0

My basic question is about how the suppression files work in valgrind. I have looked at a lot of the documentation that points to using the following on mpi versions > 1.5 (mine is 1.6):

    mpirun -np 2 valgrind --suppressions=/usr/share/openmpi/openmpi-valgrind.supp --track-origins=yes ./myprog

However, when I run it like this the file has over 600 errors! The errors I am getting are these two over and over. I don't know how to interpret either one of these with my current understanding of valgrind and mpi.

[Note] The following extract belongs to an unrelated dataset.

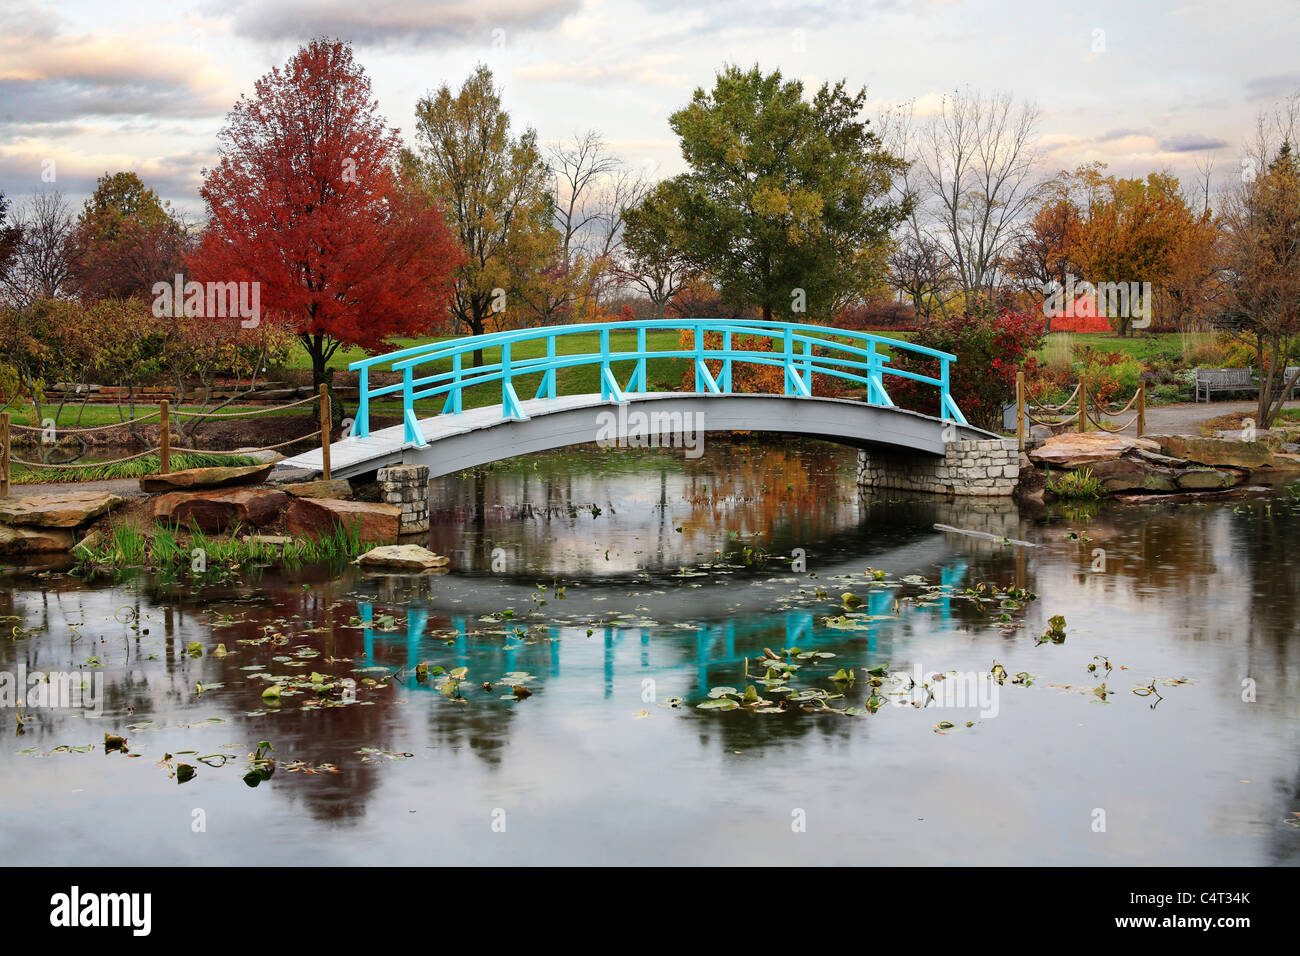 Una scena pastorale di un piede giapponese ponte su un tranquillo laghetto in un giorno di pioggia in autunno, Southwestern Ohio, Stati Uniti d'America Foto Stock

==8821==  Address 0xad5e4d7 is 87 bytes inside a block of size 128 alloc'd
==8821==    at 0x4C2B6CD: malloc (in /usr/lib/valgrind/vgpreload_memcheck-amd64-linux.so)
==8821==    by 0x6348C52: ??? (in /usr/lib/openmpi/lib/libopen-pal.so.0.0.0)
==8821==    by 0x6349AF1: ??? (in /usr/lib/openmpi/lib/libopen-pal.so.0.0.0)
==8821==    by 0x6349B81: ??? (in /usr/lib/openmpi/lib/libopen-pal.so.0.0.0)
==8821==    by 0x7DA5B9C: ??? (in /usr/lib/openmpi/lib/openmpi/mca_grpcomm_bad.so)
==8821==    by 0x7DA52F4: ??? (in /usr/lib/openmpi/lib/openmpi/mca_grpcomm_bad.so)
==8821==    by 0x5082AF2: ??? (in /usr/lib/openmpi/lib/libmpi.so.0.0.2)
==8821==    by 0x50A33FA: PMPI_Init (in /usr/lib/openmpi/lib/libmpi.so.0.0.2)
==8821==    by 0x408AB5: main (test_send-receive.cpp:8)
==8821==  Uninitialised value was created by a heap allocation
==8821==    at 0x4C2B6CD: malloc (in /usr/lib/valgrind/vgpreload_memcheck-amd64-linux.so)
==8821==    by 0x635FE2B: ??? (in /usr/lib/openmpi/lib/libopen-pal.so.0.0.0)
==8821==    by 0x6360634: opal_ifcount (in /usr/lib/openmpi/lib/libopen-pal.so.0.0.0)
==8821==    by 0x81B36AA: ??? (in /usr/lib/openmpi/lib/openmpi/mca_oob_tcp.so)
==8821==    by 0x5C01EE2: mca_oob_base_init (in /usr/lib/openmpi/lib/libopen-rte.so.0.0.0)
==8821==    by 0x7FA97FB: ??? (in /usr/lib/openmpi/lib/openmpi/mca_rml_oob.so)
==8821==    by 0x5C083E4: orte_rml_base_select (in /usr/lib/openmpi/lib/libopen-rte.so.0.0.0)
==8821==    by 0x5BF5EC4: orte_ess_base_app_setup (in /usr/lib/openmpi/lib/libopen-rte.so.0.0.0)
==8821==    by 0x7BA1EAE: ??? (in /usr/lib/openmpi/lib/openmpi/mca_ess_env.so)
==8821==    by 0x5BDDB72: orte_init (in /usr/lib/openmpi/lib/libopen-rte.so.0.0.0)
==8821==    by 0x50822E0: ??? (in /usr/lib/openmpi/lib/libmpi.so.0.0.2)
==8821==    by 0x50A33FA: PMPI_Init (in /usr/lib/openmpi/lib/libmpi.so.0.0.2)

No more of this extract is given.